Alicia Garza is the Principal at Black Futures Lab, a mission to elevate Black political power. As co-creator of the Black Lives Matter Global Network, Garza believes that Black communities deserve what all communities deserve — to be powerful in every aspect of their lives.
Since the start of the movement in 2013, Black Lives Matter has been nominated for a Nobel Peace Prize, as the world recognizes the groundbreaking work Alicia and her co-founders started.
In the podcast episode Skimm’d From The Couch, Garza uncovers her tips for building relationships, overcoming rejection, and how she stays invigorated in the tough field of advocacy work. She also shares how she has become a better organizer, advocate, and campaigner throughout the years emphasizing how hashtags don’t start movements — people do.
Garza’s Secrets To Building Relationships
When Garza was a young teenager, she started working with the School of Unity and Liberation (SOUL). Through the program, she learned how to talk to people and how to turn a no into a yes. She explains many people were suspicious and hostile towards her, but it became her mission to help someone see their own power when they thought nothing is possible.
When door-knocking during campaigns, Garza explains that the “secret sauce” to organizing are the relationships in real-time. It connects people in vulnerable times, helping people know they’re not alone, and making decisions to be louder about things that people want to be changed and bring into existence. “You have to build the kinds of alliances that are unexpected. You have to build [them] between people who might think they don’t have anything in common” Garza states in reference to putting power in the people.
Tips For Overcoming Rejection
1.Understanding a person’s “why.”
Garza shares a story during her time as a youth organizer. A woman constantly slammed a door in her face when she came to the campaign. “The key was to understand why this woman was slamming the door in my face as opposed to getting into my feelings about why she rejected me,” Garza says. “It wasn’t ever about me.
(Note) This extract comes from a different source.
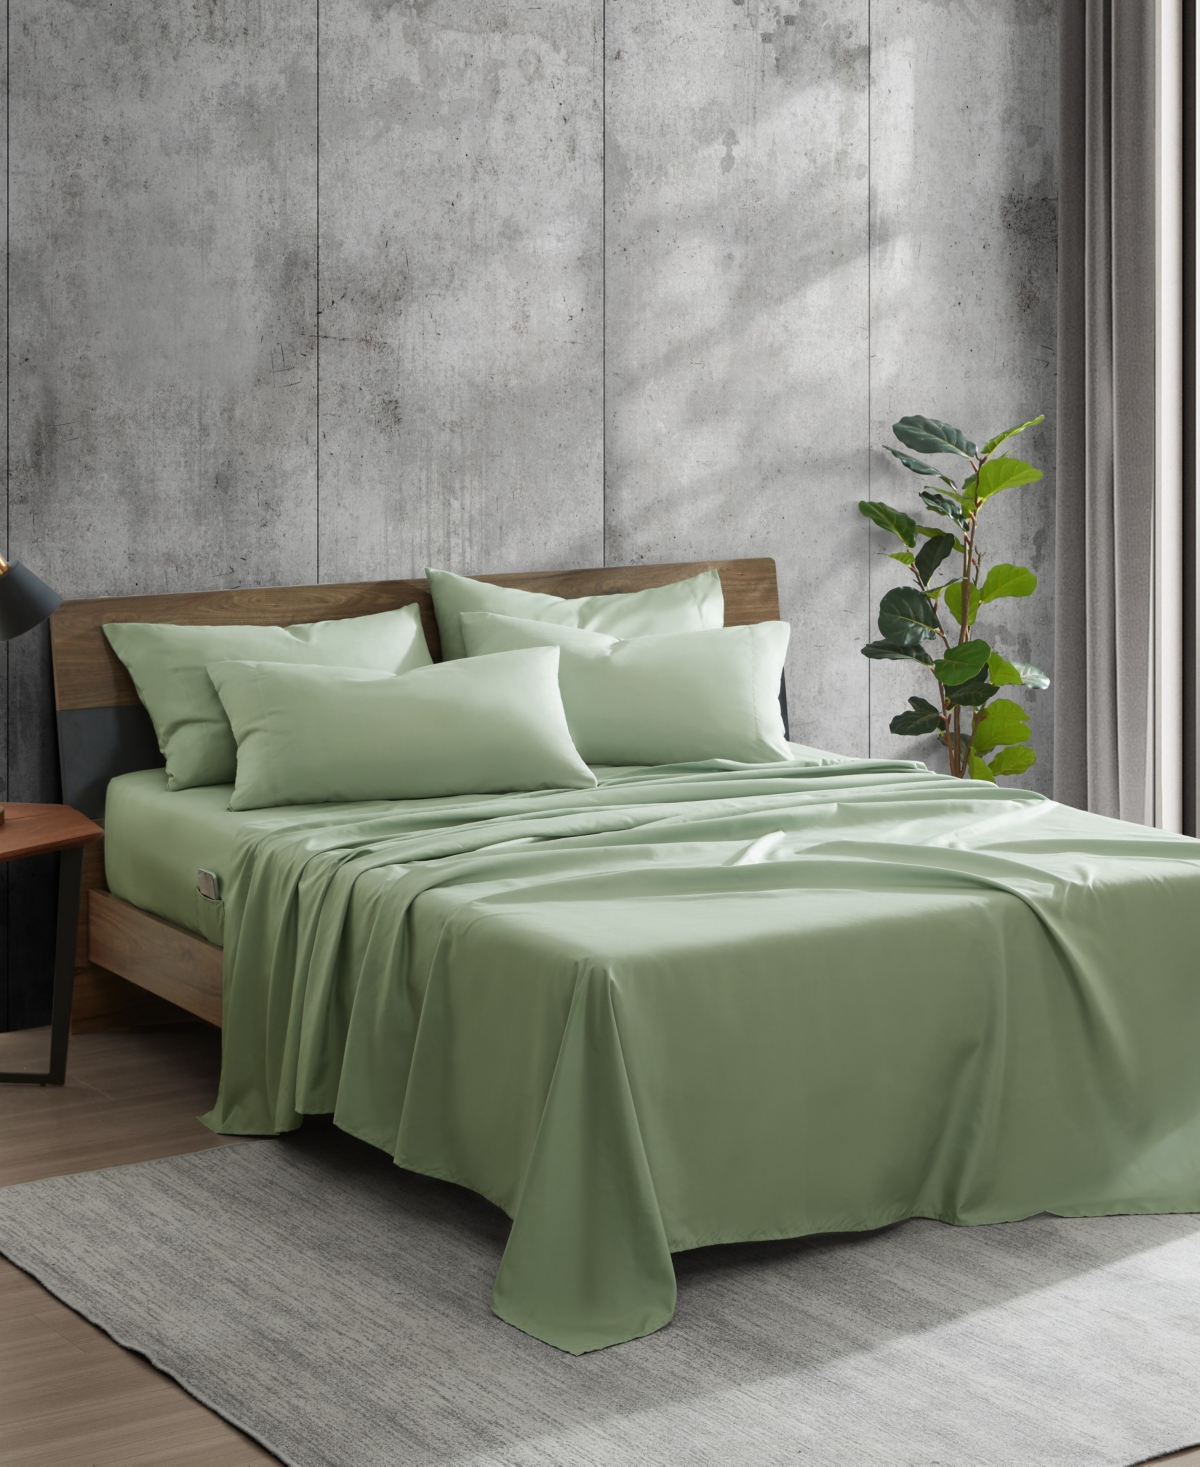 Kenneth Cole New York Solution Solid Microfiber 4 Piece Sheet Set, Twin In Sage Green

Her no was rooted in fear of retaliation, attack, taking a risk, and not getting what you want. People have so many reasons for doing what they do. We are wrapped in the stories of how the world has impacted us, and how we long to impact the world. Sometimes that creates conflict.”
2.Empathy and Pivot
Garza says you have to build a relationship with someone like the woman who slammed a door in her face. “Someone has to see you and what you long for. We are looking for people who are looking for us but may not know they are looking for us. There are no yellow pages for activism,” Garza explains.
3. Breaking down barriers and listening
Advocacy work is being scientific with people, and it is not linear. Garza explains it is a commitment to move through a process with people, and a constant effort to know-how, and what to listen for the growth of a movement.
Staying Invigorated In Advocacy Work
Taking care of her spirit and wellness is survival. With the COVID-19 pandemic being a mental stressor on so many, Garza explains that riding her road bike every morning keeps her present. She sees a therapist once a week, and says “cooking recipes are pathways to unlock a thing.” When it comes to spending years in advocacy work, Garza reminds listeners there is a lot of chatter of people wanting you to do what they want. “It is important to hone your craft of understanding what you know and what you don’t know. Part of what I feel more open to (now) is what we are building versus what it is we are dismantling.” Saying “NO” to things that are not in her path is part of Garza’s ways she keeps her movements growing.